[DO NOT PUBLISH]
IN THE UNITED STATES COURT OF APPEALS
FOR THE ELEVENTH CIRCUIT FILED
________________________ U.S. COURT OF APPEALS
ELEVENTH CIRCUIT
No. 10-10527 JUNE 14, 2011
JOHN LEY
Non-Argument Calendar CLERK
________________________
D.C. Docket No. 8:04-cr-00348-SCB-TGW-3
UNITED STATES OF AMERICA,
Plaintiff-Appellee,
versus
STEVEN CATALANO,
Defendant-Appellant.
________________________
Appeal from the United States District Court
for the Middle District of Florida
________________________
(June 14, 2011)
Before TJOFLAT, CARNES and ANDERSON, Circuit Judges.
PER CURIAM:
Steven Catalano, proceeding pro se, appeals the district court’s denial of his
motions to revisit his prison sentence that was imposed approximately three years
earlier, after a jury found him guilty of conspiracy to commit racketeering. He
contends that he filed his motions pursuant to 18 U.S.C. § 3553(a) and raises the
substantive claim that his sentence was procedurally unreasonable because the
district court failed to conduct an individualized assessment. The government
responds that, pursuant to the unambiguous language of 18 U.S.C. § 3582(c), the
district court lacked jurisdiction to consider Catalano’s motions to revisit his
sentence.
“We review de novo questions concerning the jurisdiction of the district
court.” United States v. Oliver, 148 F.3d 1274, 1275 (11th Cir. 1998). Whether
the district court has the authority to modify a custodial sentence after it has been
imposed is a question of law subject to de novo review. United States v. Phillips,
597 F.3d 1190, 1194 n.9 (11th Cir. 2010).

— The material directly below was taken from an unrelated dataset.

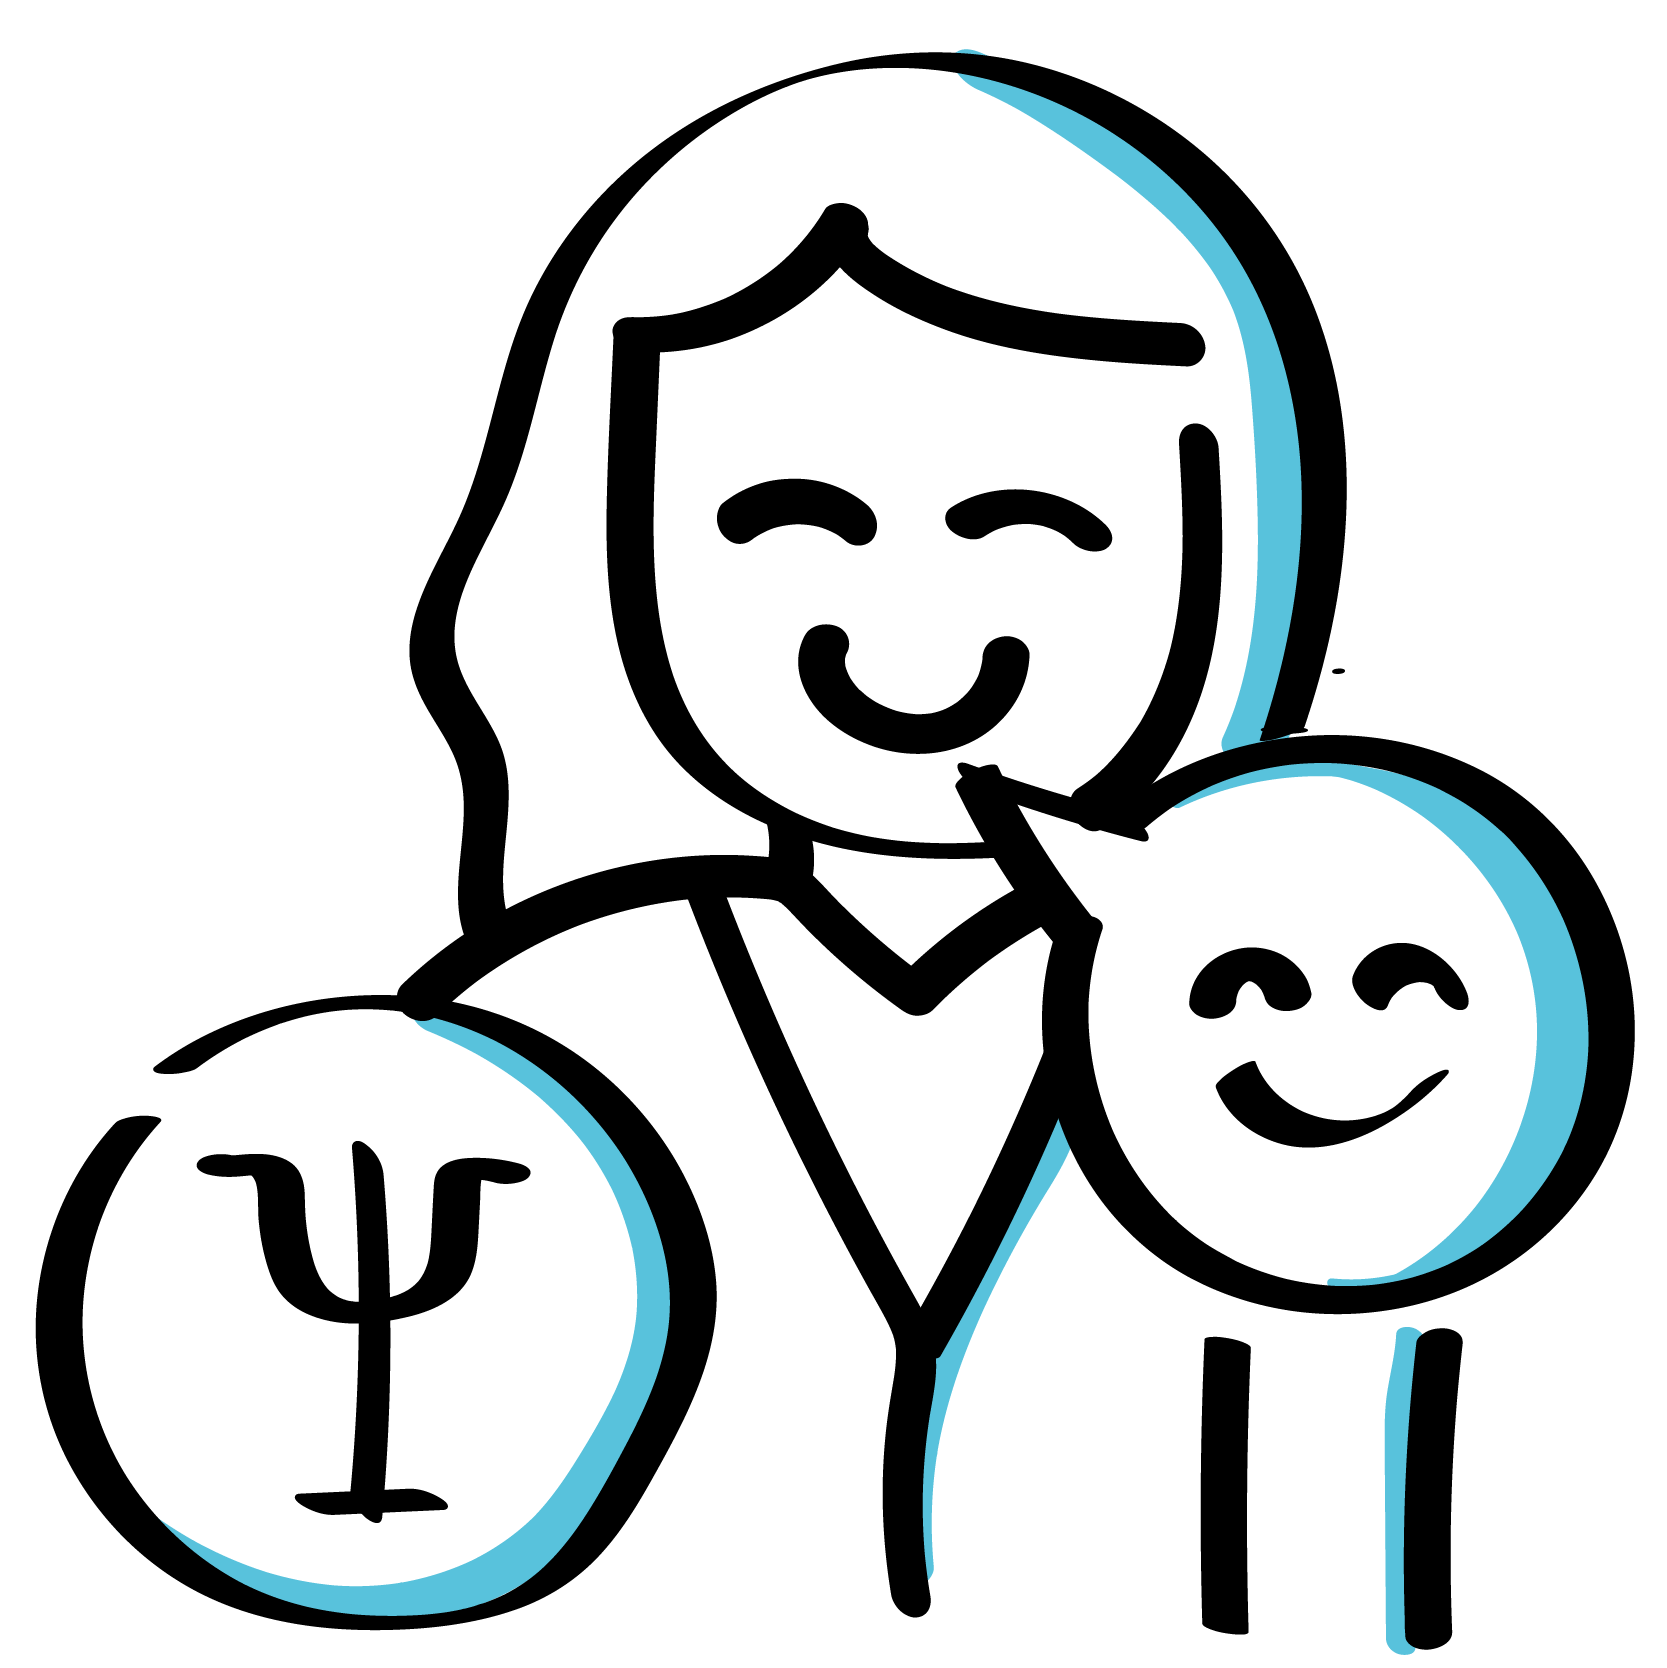 icone com simbolo de psicologia e avatar

We recently held that “[t]he authority of a district court to modify an
imprisonment sentence [once it has been imposed] is narrowly limited by statute”:
Specifically, [18 U.S.C.] § 3582(c) provides that a court may not
modify an imprisonment sentence except in these three
circumstances: (1) where the Bureau of Prisons has filed a motion and
either extraordinary and compelling reasons warrant a reduction or
the defendant is at least 70 years old and meets certain other
requirements, see 18 U.S.C. § 3582(c)(1)(A); (2) where another
statute or Federal Rule of Criminal Procedure 35 expressly permits a
sentence modification, see id. § 3582(c)(1)(B); or (3) where a
defendant has been sentenced to a term of imprisonment based on a
2
sentencing range that was subsequently lowered by the Commission
and certain other requirements are met, see id. § 3582(c)(2).
Id. at 1194-95; see 18 U.S.C. § 3582(c). As to the second circumstance allowing a
sentence modification set forth in § 3582, “[t]he unambiguous language of
§ 3582(c)(1)(B) indicates that, absent other express statutory authority,
modification of an imprisonment sentence can only be done pursuant to Rule 35.”
Phillips, 597 F.3d at 1195. Further, a district court has no “inherent authority” to
modify a sentence that has already been imposed. See United States v. Diaz-Clark,
292 F.3d 1310, 1315, 1319 (11th Cir. 2002) (holding that the district court erred
in concluding that it had “inherent power” to correct a sentence it had imposed six
years earlier and which it viewed to be illegal).
We conclude that none of the circumstances allowing a district court to
modify a sentence are present in the instant case. The district court recognized
that it had no authority to reconsider Catalano’s sentence by stating that it
“cannot” reconsider the motion. The district court was correct that it lacked
jurisdiction and thus we affirm.1
AFFIRMED.
1
Catalano’s request for oral argument is denied.